A smidge more than two years ago I wrote about my friend, M, and his battle with MSA, or Multiple Systems Atrophy. MSA is in the Lou Gehrig family – a 100% dysfunctional family. It is a brutal wasting away. Over a long, long time. Horrible.
You need an update. And this is it:
Now that Sal and I are down here, we visit.
M is still here. He is still fighting. He is still losing.
This living sentence makes a life term in prison seem like a luxury vacation.
This is long, hard and cruel. This is uncomprehendingly painful, impossible and bleak. And yet both M and his wife, D, live it. Endure it. Every day.
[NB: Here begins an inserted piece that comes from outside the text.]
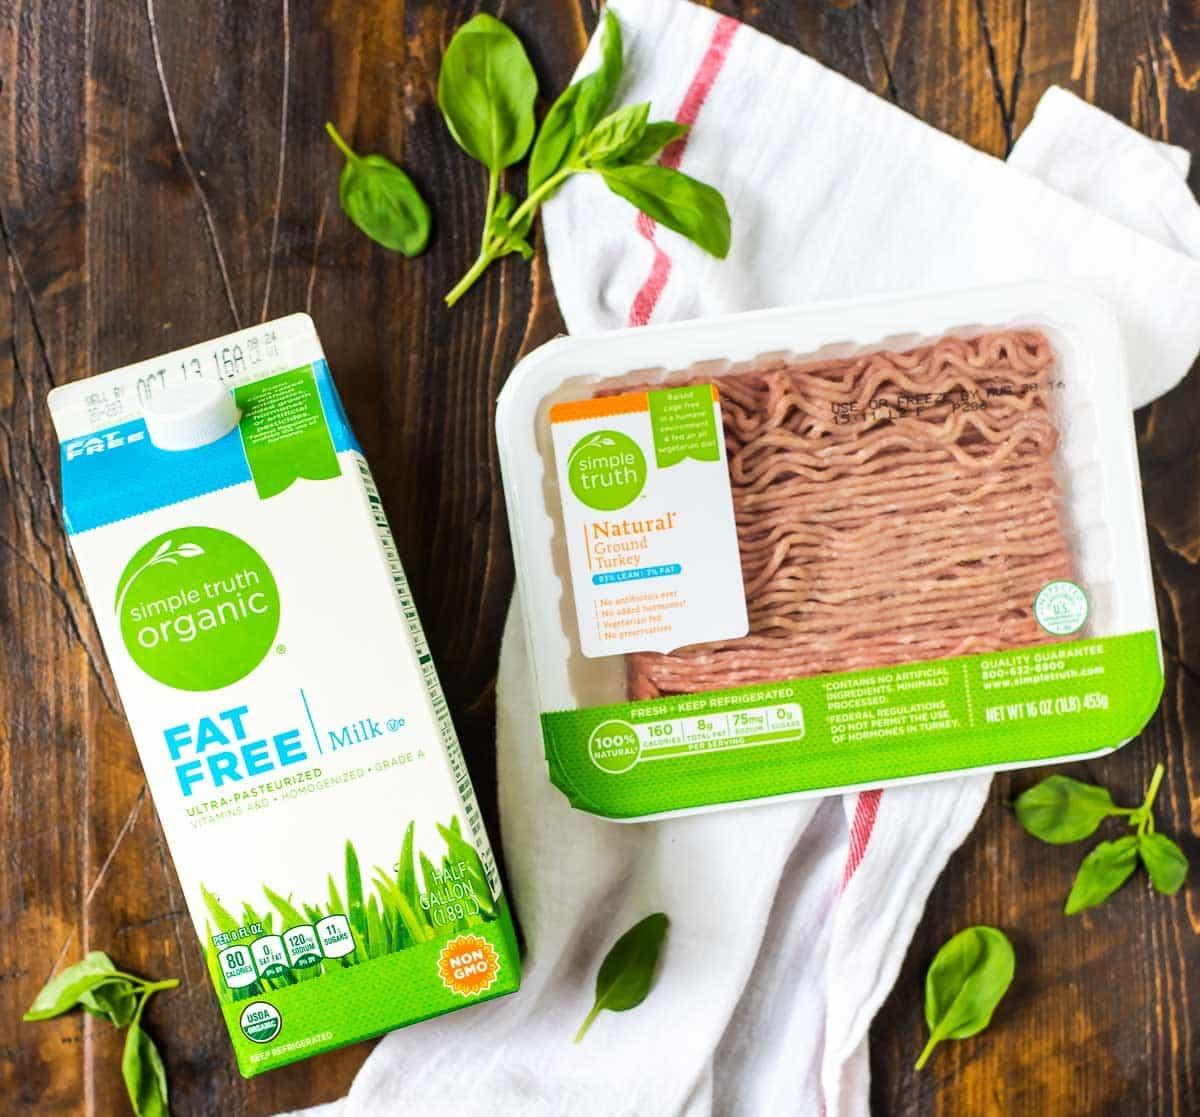 Simple Truth organic ground turkey and fat free milk

MSA is terminal and it is equally interminable. It is way, way too much for anybody.
But, somehow, they are handling it.
I have no idea how either of them remain sane. That M still has a sense of humour and worries about D and that she is gracious and kind and somehow has enough energy to worry about their frequent guests is nothing short of heroic and the epitome of grace. Mother Teresa couldn’t have done as well. I can’t imagine anyone doing this well……..
…….maybe Stephen Hawking and his family.
I know M & D. And so I vote for M & D. Hawking is second.
That’s how bad this is.
And it is just getting worse.
I won’t go on. After a point, my writing about it causes me to put myself in M’s shoes. And I can’t take it. Not even for the brief time it takes to write a lousy 300 or so words. Even that is too much for me. I do it only as a tiny tribute to spirit, courage and love at a level I hope I never ever have to know.
But let me leave you with this: give M a thought. Give D one, too. And, while you are doing that, love all that you have and ever will have. Life can be and often is, nasty, brutish and short – but love can and does endure. I have that on the very best of authority – I see it all the time in my own life but I see it even more vividly when I visit them.